Social butterfly? How to cut down your guest list
March 3, 2010 - Some of us are blessed with many friends, which is great if you get a flat tire and need someone to come pick you up. But when it comes to planning the guest list for your wedding or event, it can almost seem like a hindrance. 44.5% of brides say their event will have fewer than 100 guests, and 70.7% are inviting no more than 150 guests. If you're working on a limited budget and just can't invite everyone, these tips are for you.
- I recently heard a friend say that she's not inviting anyone to her wedding that she wouldn't have over to her house for dinner. I thought this was great advice! Whether it's co-workers, customers, or that girl you run into tanning all the time, some people (even if you see them everyday) just aren't that close to you!

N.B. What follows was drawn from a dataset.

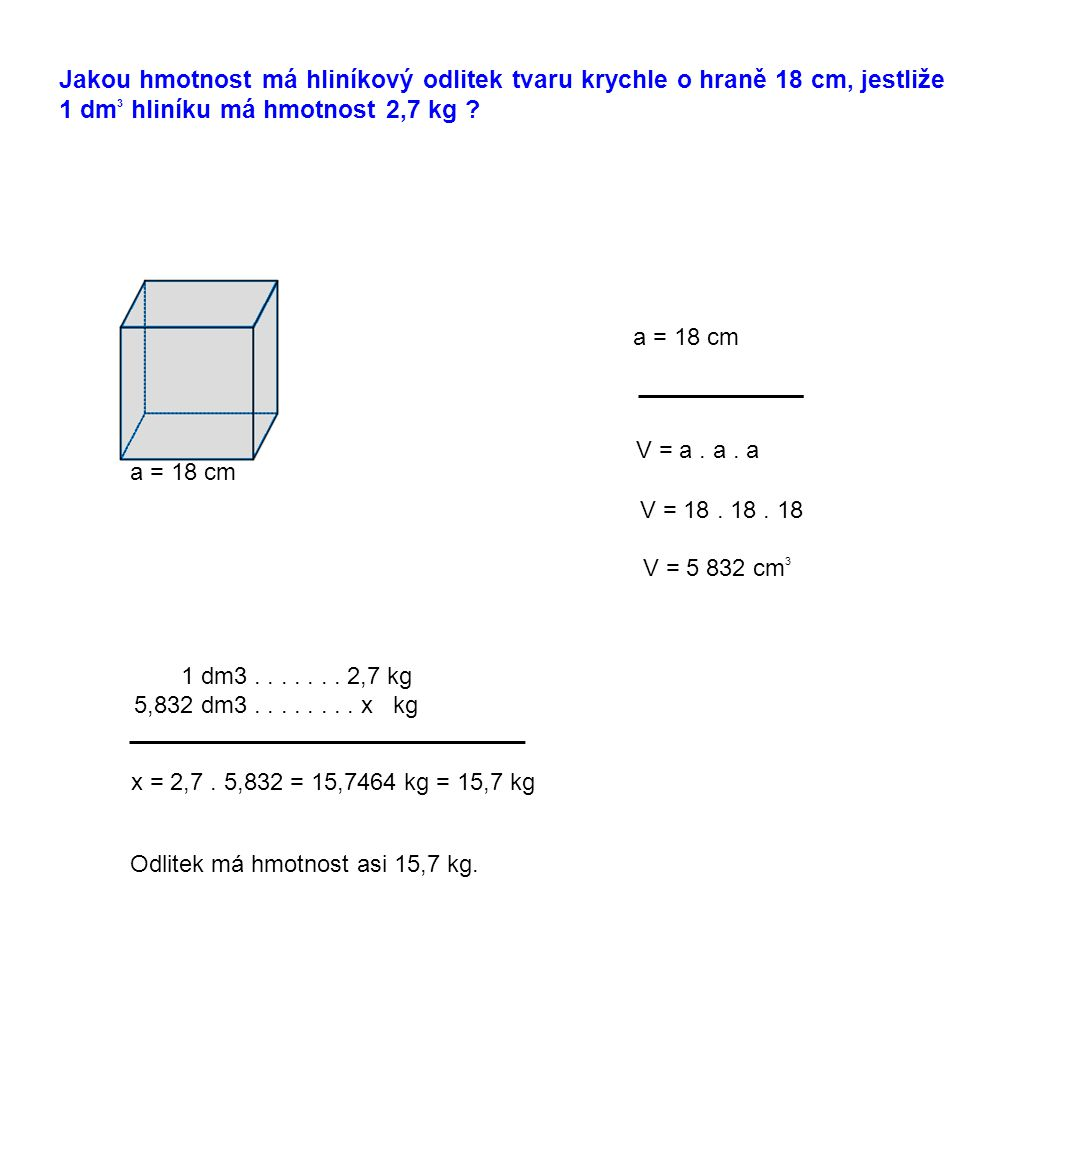 Jakou hmotnost má hliníkový odlitek tvaru krychle o hraně 18 cm, jestliže 1 dm 3 hliníku má hmotnost 2,7 kg .

- Speaking of not being that close to you, how often to you really talk to all 500 of your friends on Facebook? We know you're excited, but Facebook may not be the most tactful way to announce your engagement.
- Be strong! You're going to have to put your foot down sometimes, and that's okay. Though they love you, parents are often guilty of mistaking your big day for a place to invite their friends and brag about you. It's a gesture of love, and they want to show off your happiness, but if you've never met the friends they're trying to invite it's not inappropriate of you to say no. A nice way to avoid this confrontation is to give a set number of invitations to both sides' parents and leave it at that.
- It's nice to be able to invite your single friends and add "and guest," but sometimes it's just not realistic. If you're only inviting them, make it clear on the invitation. Simply write their name for them on the RSVP card. That way it will be obvious that the invite was only for them. In the end it's your event, and you can invite (or not invite) who ever you want. If you decide not to allow single guests a +1 make sure that decision applies to all single guests. It's tacky to allow some guests a +1 and others not.
- Even if someone invited you to their event, you don't have to reciprocate that invitation. More than anything, you should be comfortable and have fun at your wedding. You shouldn't be worried about everyone else who's there. On that note, cut down your bar tab and potential for disaster by cutting heavy drinkers from your list.
- Kids too, can be cut from the list if necessary. Although most events incorporate children, if your event is late at night, or has a more cocktail theme, there is nothing wrong with cutting kids under 12, or even 18 if you're so inclined.
- There are lots of people who seem important in your life right now, but think of these relationships in terms of their longevity. Have these people been in your life for a while? Were they influential in you and your fiancés' relationship? Will they still be in your life in 5 years? If the answer is no, reconsider including them on your list. Your day at the altar is not a social occasion; it's a special, sacred even to share with the people you love.